# New Boer Doe



## badnewsboers (May 9, 2008)

I promised pictures and here they are. Twink is a RyalsxFarmer's Exchange doe. Her grandsire is Ruger and her great grandsire is Aflac. This girl is built like a tank! And she's not even a year old(born in January).

























I'd love to know what you guys think of her! I'm a bit biased myself. :greengrin:


----------



## SDK (Jun 26, 2008)

shes purty


----------



## AlaskaBoers (May 7, 2008)

i really like the length and with on her! and not even a year old! -cant wait til spring ... I'm planning on reserving a toth buck!!. :greengrin:


----------



## toth boer goats (Jul 20, 2008)

> i really like the length and with on her! and not even a year old! -cant wait til spring ... I'm planning on reserving a toth buck!!.


 Only the best for you....Katrina... :thumb: :thumbup:


----------



## badnewsboers (May 9, 2008)

That's great Katrina!

Yeah, I'm very happy with my new girl. Can you believe we got her for $310 at the sale? We're planning on AIing her in the spring. Just gotta figure out what to line her up with. I'm partial to 2Dox Governor myself.


----------



## AlaskaBoers (May 7, 2008)

lol. I'm so exited. cant wait. Aaaah!!! :greengrin:


----------



## toth boer goats (Jul 20, 2008)

> lol. I'm so exited. cant wait. Aaaah!!! :greengrin:


I also can't wait....because now.... I have the waiting and nervous game...of kidding time.. :help: 
I am praying for a show quality buck for you.... 

badnewsboers... .nice doe....love her length..


----------



## AlaskaBoers (May 7, 2008)

i also like 2Dox governor. probably my favorite 2dox buck. do you AI or do you have someone come out and do it?

--toth-- youre awesome!


----------



## badnewsboers (May 9, 2008)

There's some people locally who AI and have an 80% success rate. I'm going to have them AI the does this time and teach Ken and I how to do it so we can do it ourselves next time.


----------



## toth boer goats (Jul 20, 2008)

> --toth-- youre awesome!


 thanks Katrina 



> There's some people locally who AI and have an 80% success rate. I'm going to have them AI the does this time and teach Ken and I how to do it so we can do it ourselves next time.


 80% is a really good percentage.......and learning AI.... is a extraordinary ability ...to have and know ....that is great...


----------



## keren (Oct 26, 2008)

What method of AI do you use? Vaginal, cervical, transcervical, laprascopic uterine?

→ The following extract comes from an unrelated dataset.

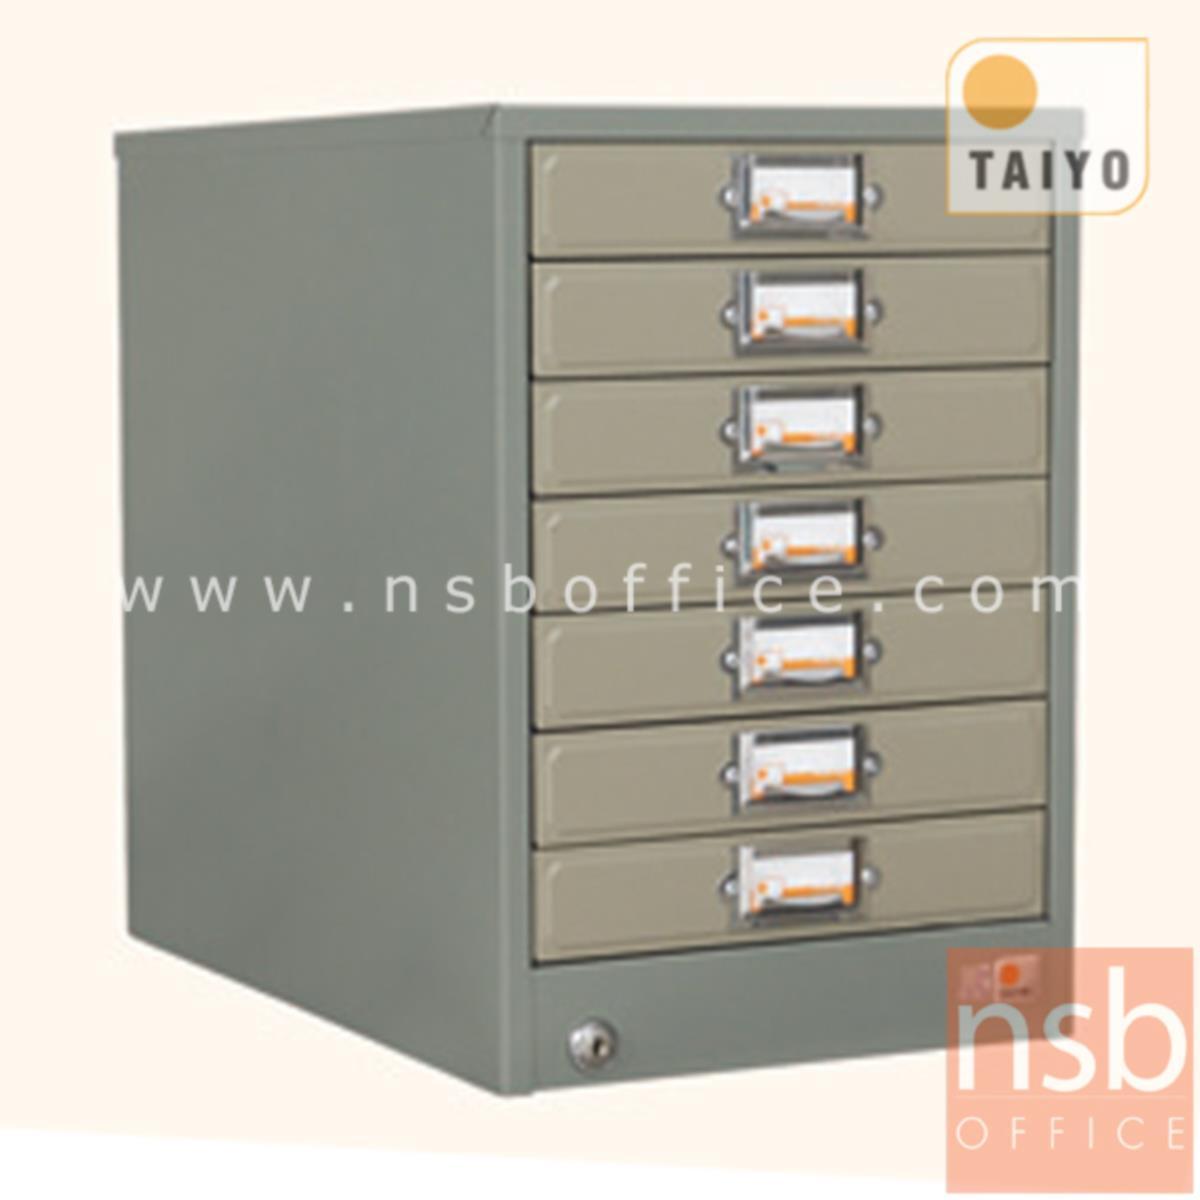 E02A028:ตู้เก็บแบบฟอร์ม 7 ลิ้นชัก ตั้งโต๊ะ (กระดาษ A4) รุ่น FR-107

80% is great success for the first three, not so great for the fourth. But here in Oz you need a vet to do the laprascopic. I usually do cervical/transcervical unless I have a big group of sync'ed does, and expensive semen, then I get the vet in.


----------



## FarmGirl18 (Oct 5, 2007)

Very nice doe!


----------



## badnewsboers (May 9, 2008)

I'm not positive what method they use but most use cervical over here. I'm not really a fan of laprascopic myself.


----------



## badnewsboers (May 9, 2008)

Well, Ken liked this doe so much he contacted the breeder to see if he had any other ones for sale. He has two for sale and I think we may be getting another one. I'm so excited!


----------



## AlaskaBoers (May 7, 2008)

nice! hope everything works out well.


----------



## badnewsboers (May 9, 2008)

Here's a picture of the doe we might be getting.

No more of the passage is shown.